Work request:
Set out word for word the line that contains "Still, Still, Still" and each line after it, through the end of the data below, but exclude the pictures.

Collected data:

>>>>

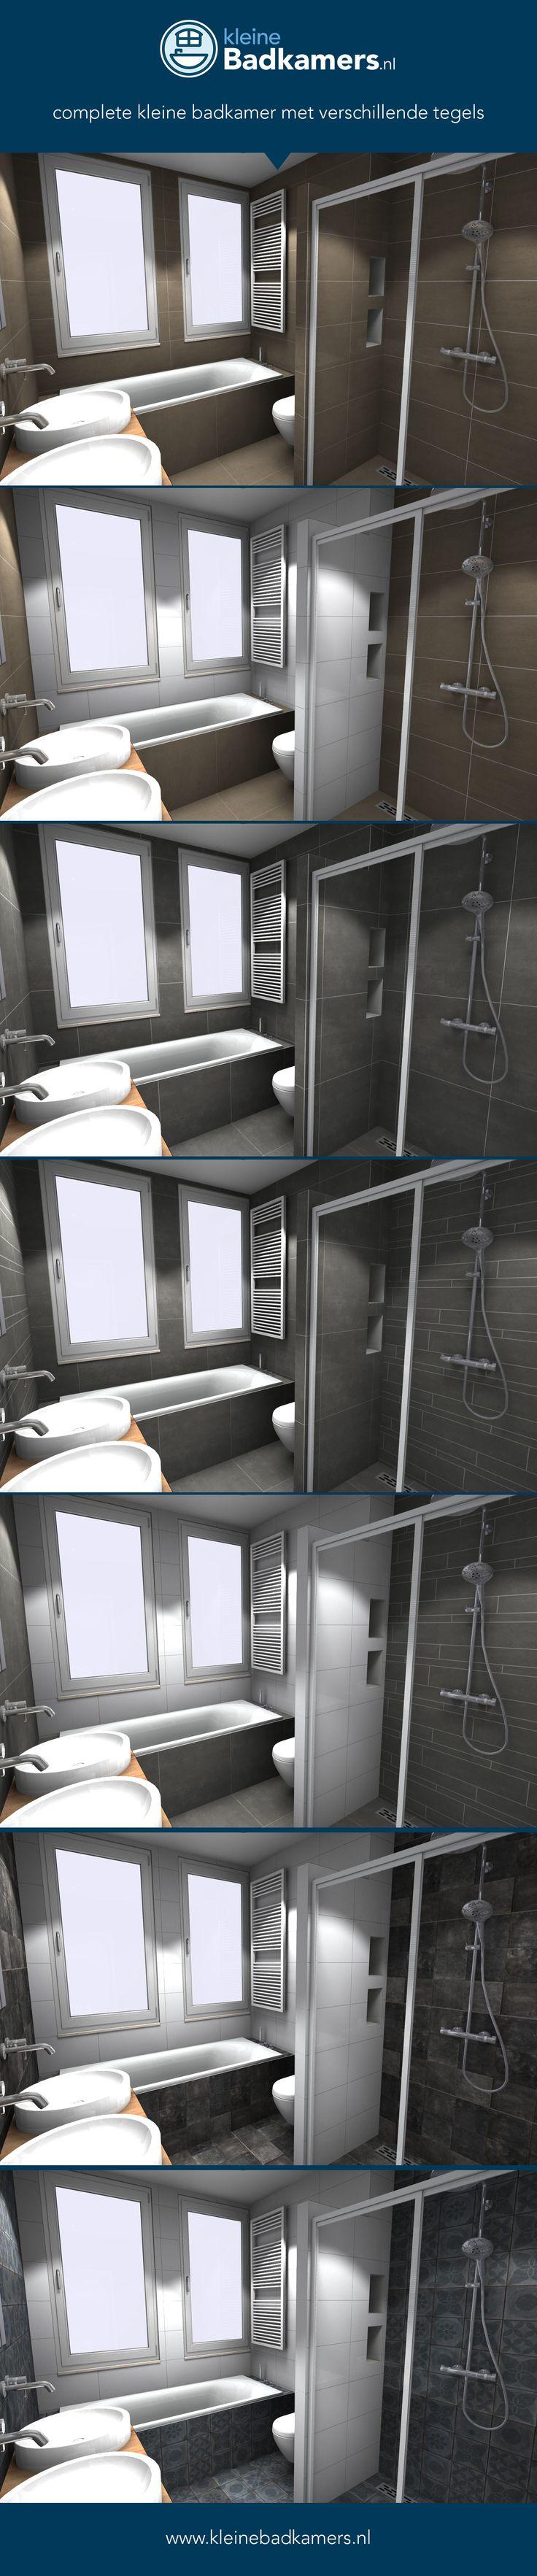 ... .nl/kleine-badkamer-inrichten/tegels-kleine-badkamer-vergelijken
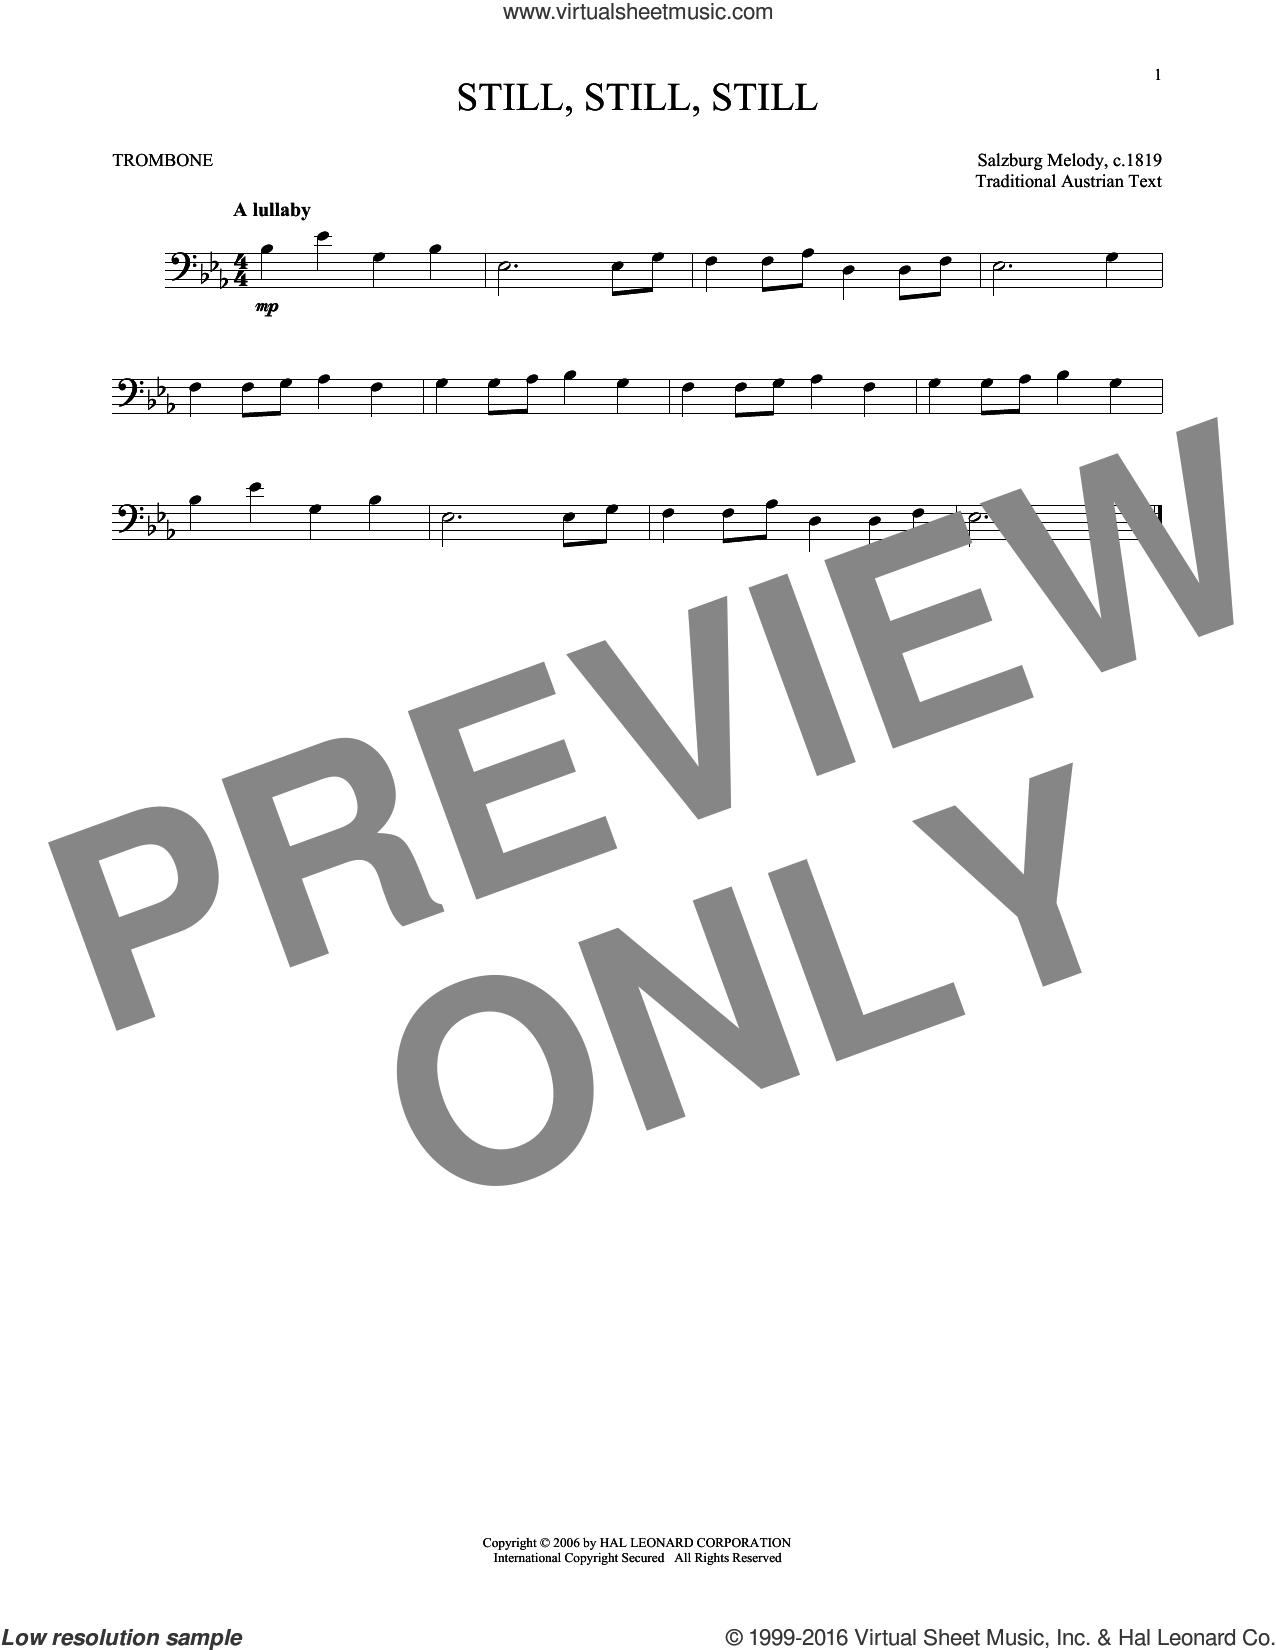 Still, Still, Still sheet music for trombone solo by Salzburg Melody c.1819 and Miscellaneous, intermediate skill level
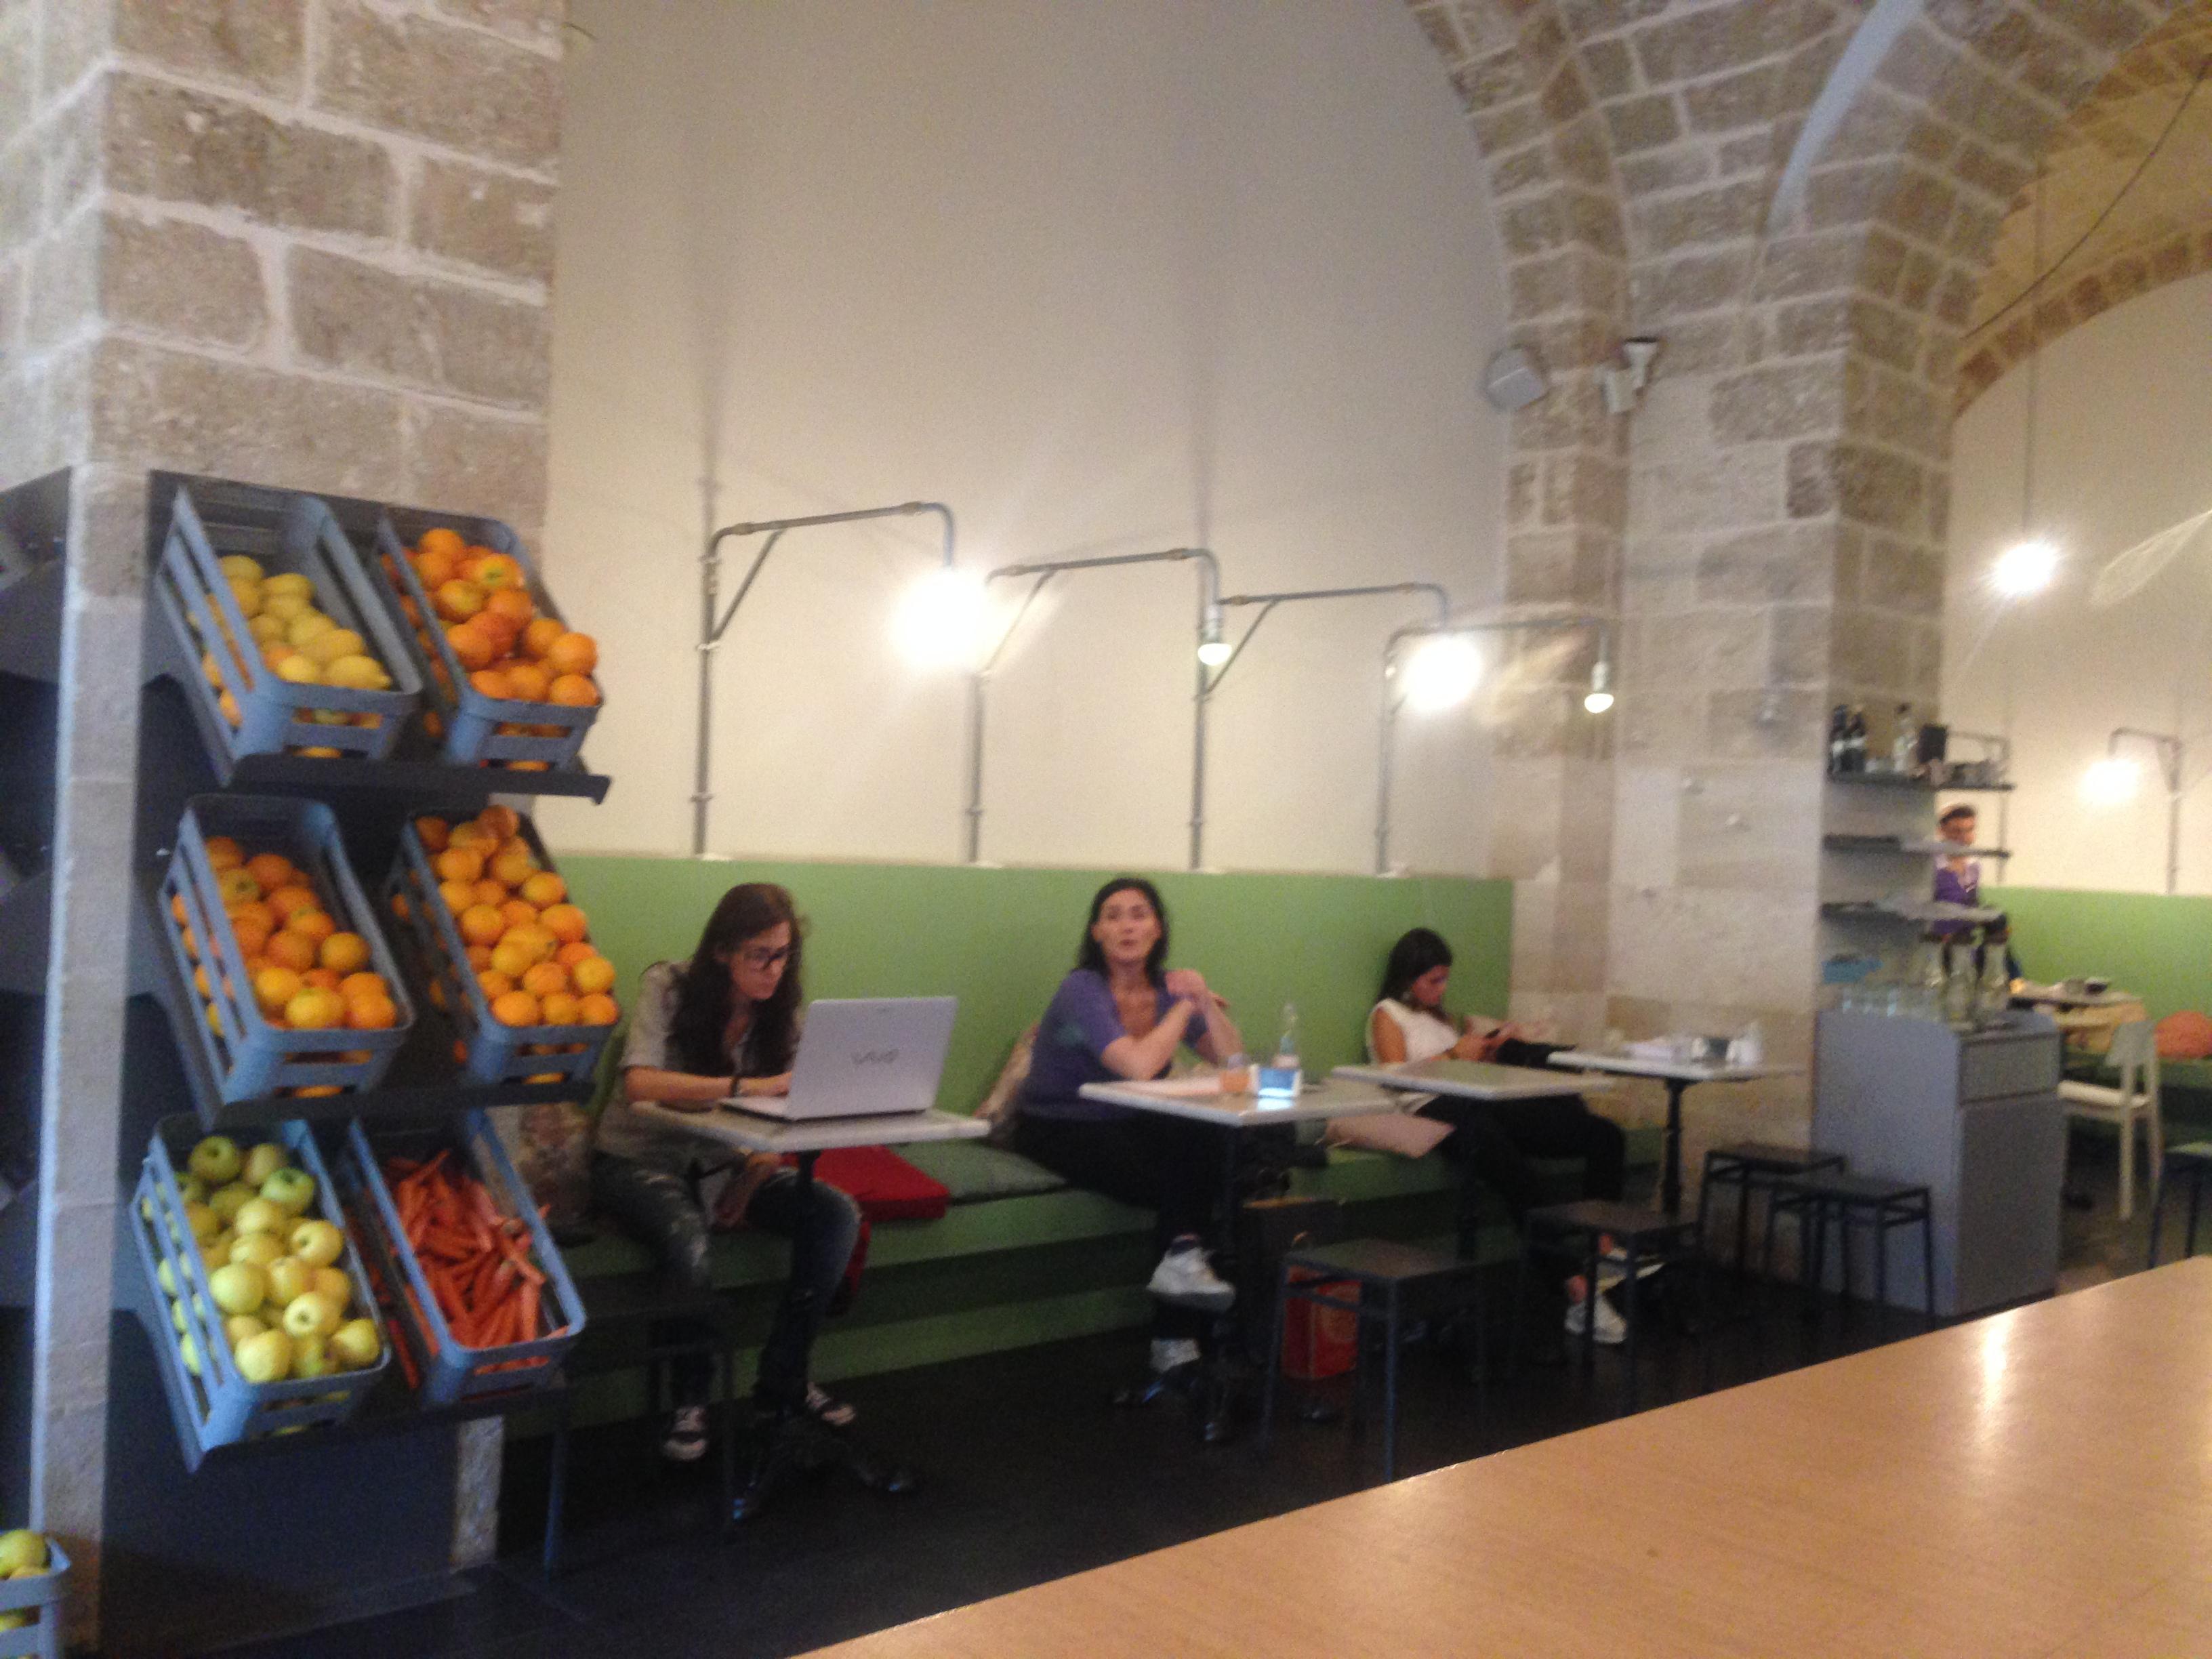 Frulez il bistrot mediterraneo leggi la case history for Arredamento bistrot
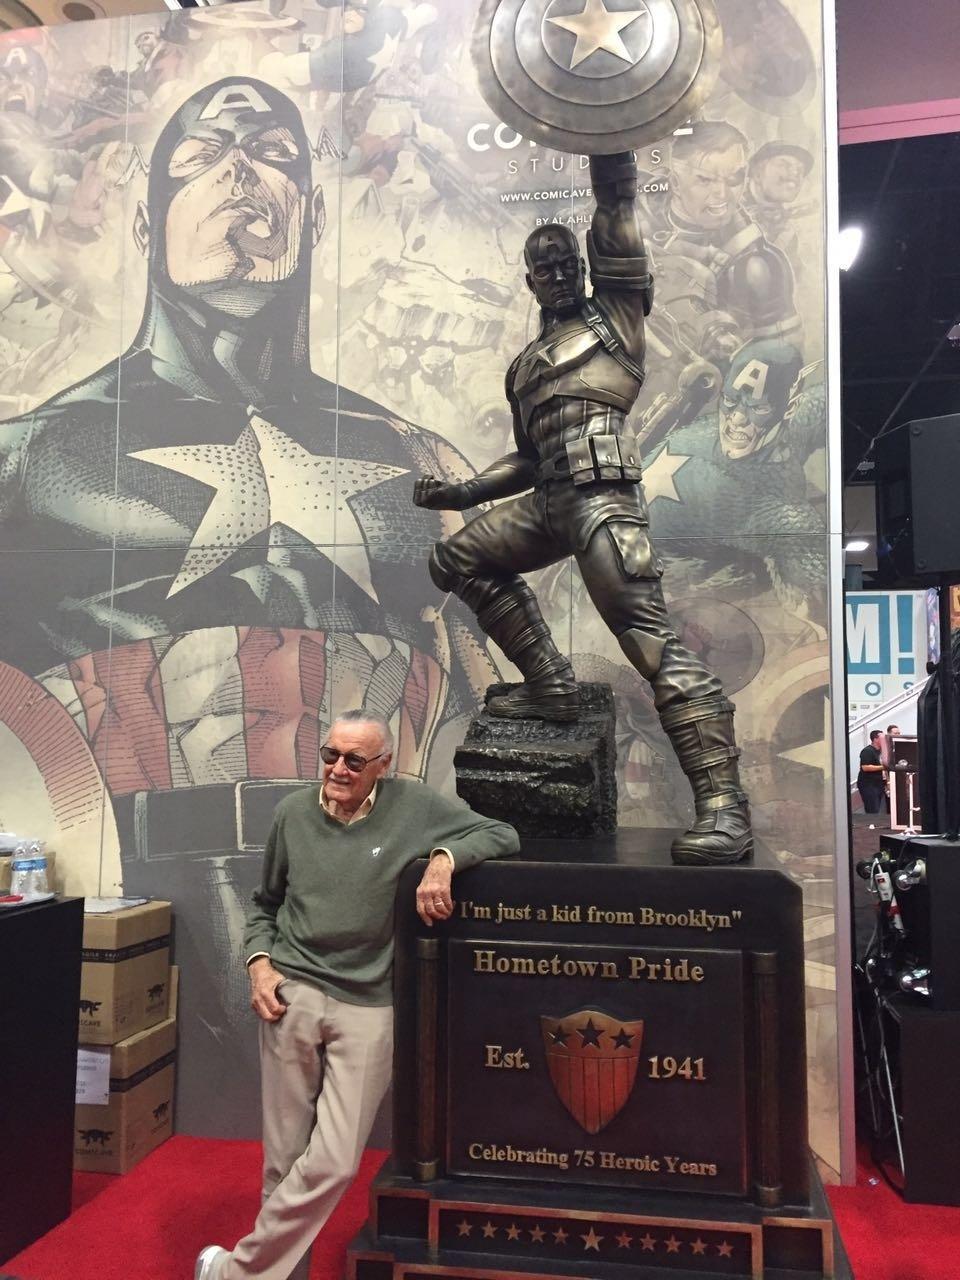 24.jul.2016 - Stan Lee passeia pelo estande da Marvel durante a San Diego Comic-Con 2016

<<<<

Final answer:
 Still, Still, Still sheet music for trombone solo by Salzburg Melody c.1819 and Miscellaneous, intermediate skill level
 Frulez il bistrot mediterraneo leggi la case history for Arredamento bistrot
 24.jul.2016 - Stan Lee passeia pelo estande da Marvel durante a San Diego Comic-Con 2016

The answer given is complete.